Scriveva Mahler al critico Marschalk: “… Ho chiamato Totenfeier (cerimonia funebre) il primo movimento e, se vuoi saperlo, si tratta dell’eroe della mia Sinfonia in re maggiore che io porto a seppellire; da un osservatorio più alto raccolgo la sua vita in un limpido specchio. E, al tempo stesso, si pone la grande domanda: perché sei vissuto? perché hai sofferto? È tutto questo solo un grande, atroce scherzo?… Chiunque senta riecheggiare nella sua vita questo richiamo, deve rispondergli, e questa risposta la do nell’ultimo movimento”.
Infatti, le angosce esistenziali e le ansie spirituali dell’autore trovano risposta nel quinto gigantesco movimento, ossia, nella “Resurrezione”. Per Mahler fu una folgorazione che lo colse durante il rito funebre di Hans von Bullow, quando il coro intonò i versi di Klopstock “Risorgerai, sì risorgerai, mia polvere/dopo un breve riposo!/Vita immortale! Immortale/vita ti darà Colui che ti chiamò./Di nuovo sarai seme per rifiorire!”. E ancora, più esplicitamente: “Credi, mio cuore, credi:/nulla andrà perduto per te!/Tuo è, tuo, sì tuo quello a cui anelavi!/Tuo quello che hai amato, per cui hai lottato!/Credi, non sei nato invano!/Non invano hai vissuto, sofferto!/Ciò che è nato deve perire!/Ciò che è passato, risorgere!”

Raffinato M.o von Steinaecker

Il Maestro von Steinaecker, che della e nella raffinatissima temperie mitteleuropea – alludiamo alla cultura a tutto tondo – si è nutrito e formato, è stato un tutt’uno con questa colossale partitura che egli ha gestito con assoluta sovranità e raffinata trasparenza.
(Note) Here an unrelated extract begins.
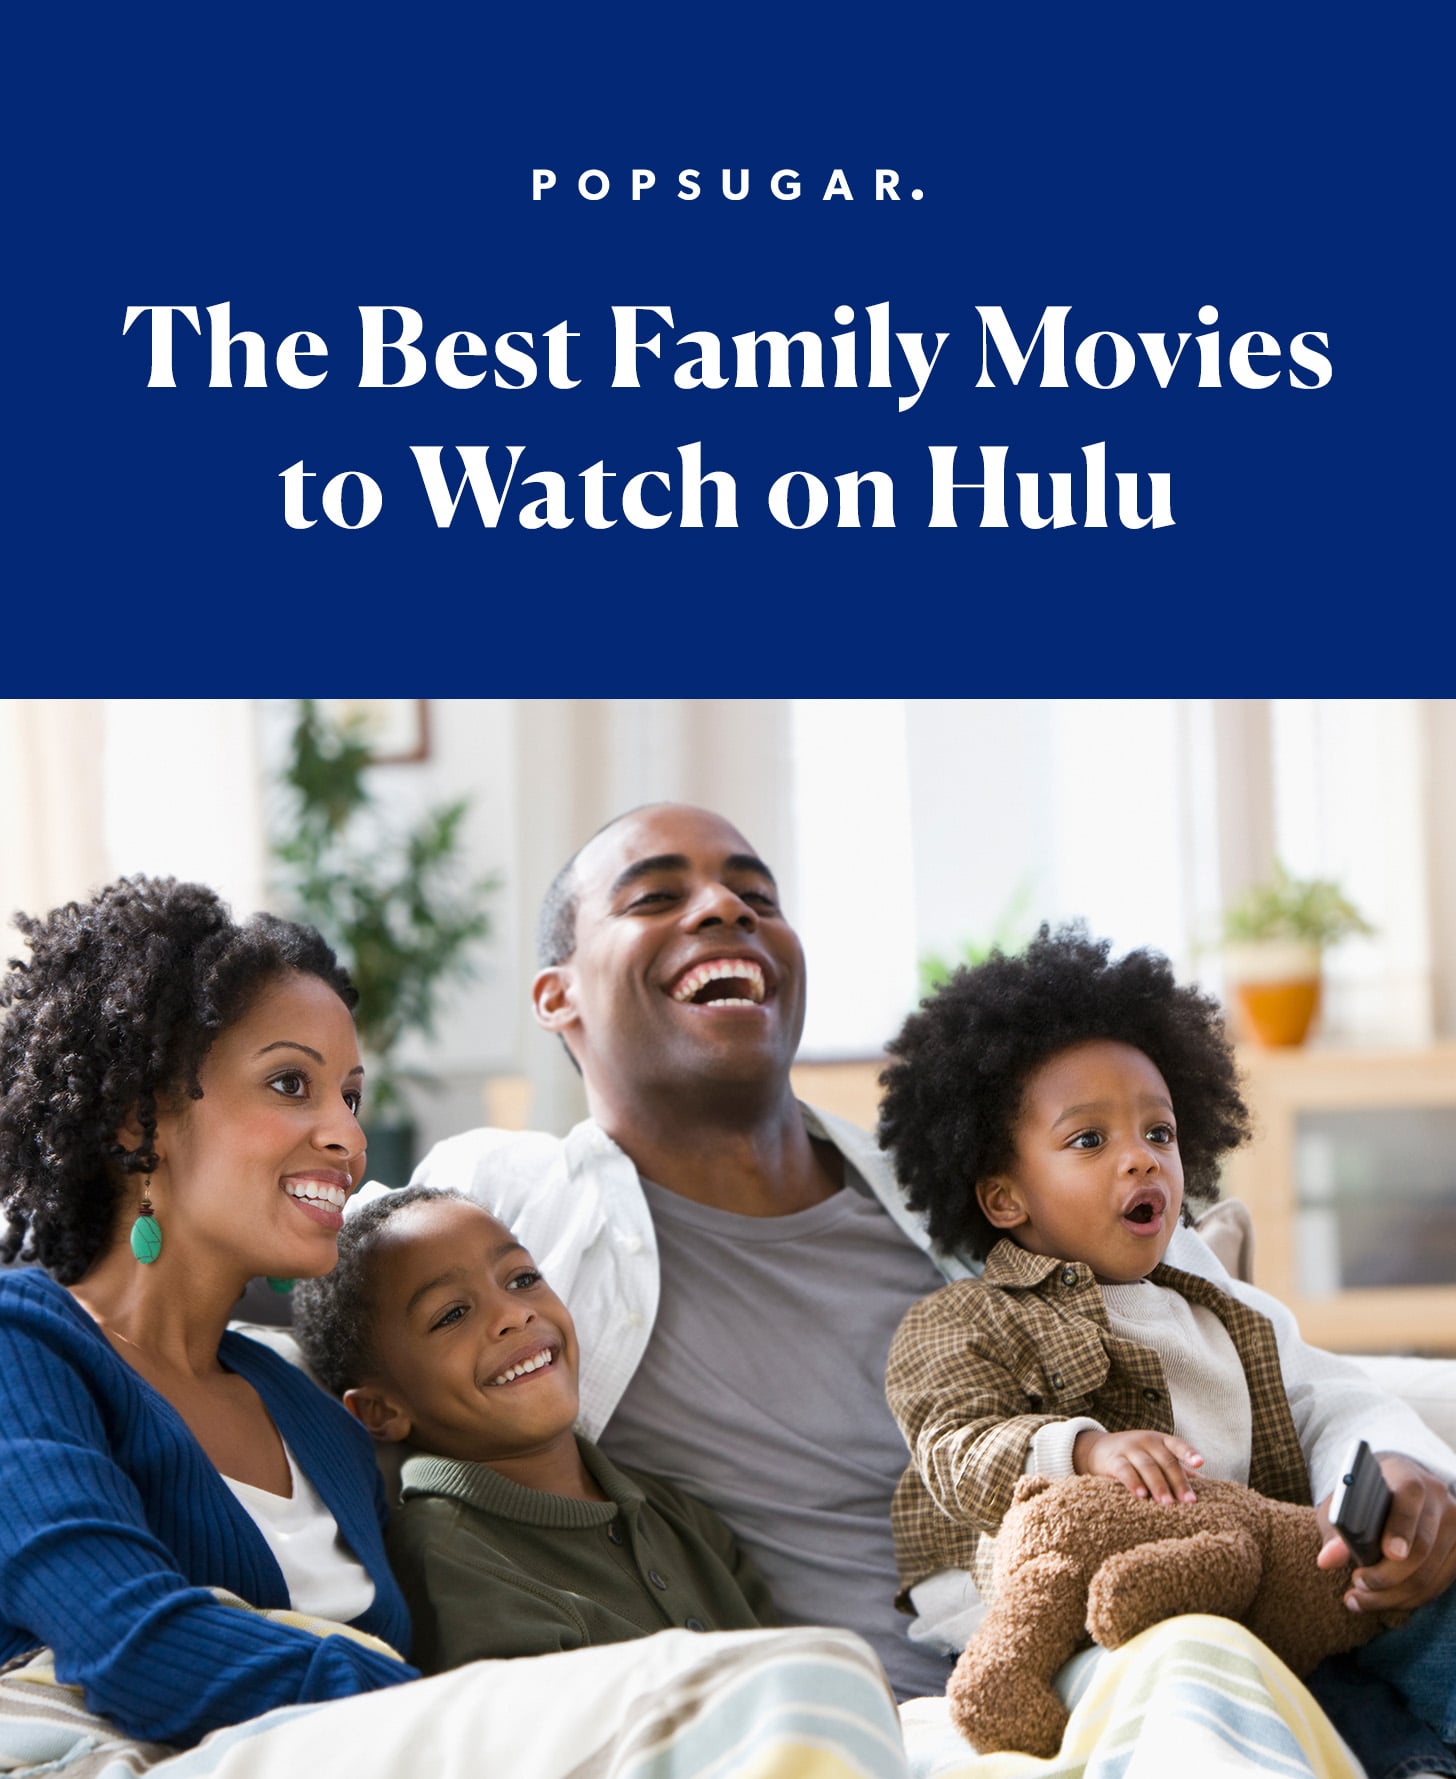 What Family Movies Are On Hulu - The 30 Best Kids Movies On Hulu In 2020 Purewow / So we've picked out the best.

Ma ciò che più conta, ci ha dischiuso il sofferto, tenero ed eroico universo mahleriano, esprimendo compiutamente ogni pensiero, ogni sussulto; dalla incisiva tragicità e grevità funerea del primo, alla tenerezza gentile e consolatoria,quasi schubertiana, del secondo movimento, fino alle inquietudini del terzo movimento, con il suo fluido e ripetitivo volteggiare.(Scherzo. “Lo spirito dell’incredulità, della negazione si è impossessato di lui…”). È piaciuta la vocalità di Ivana Srbljan (più curata e nutrita del solito), che ben si presta al genere concertistico, nel quarto movimento, “Luce primigenia”. Il clima metafisico e apocalittico dell’ultimo movimento, che culmina in maniera grandiosa con la Luce dell’Altissimo, ha coronato nel modo più felice una serata straordinaria, e, ribadiamo, degna di una Capitale europea della Cultura. Ci rallegriamo vivamente che il Maestro von Steinecker sarà direttore ospite principale del Teatro di Fiume nella stagione 20/21.
Eccellente il coro istruito da Nicoletta Olivieri e Tomislav Fačini. Maestro concertatore Anton Kyrylov. Un plauso a tutti i professori d’Orchestra, che hanno operato in ammirevole sintonia creativa con il Maestro Steinacker.
Nonostante l’impressionante mole di questo affresco esistenziale-spirituale-intellettuale mahleriano, restituito con nitore e signorilità in tutta la sua stratificata complessità espressiva e di contenuti, il pubblico è rimasto evidentemente coinvolto ed ha seguito con la massima attenzione queste pagine che parlano anche all’uomo contemporaneo.
Rileviamo che l’esecuzione della Sinfonia n. 2 è stata replicata ieri sera al Palazzo dello sport di Zagabria e ripresa dall’RTV Croata.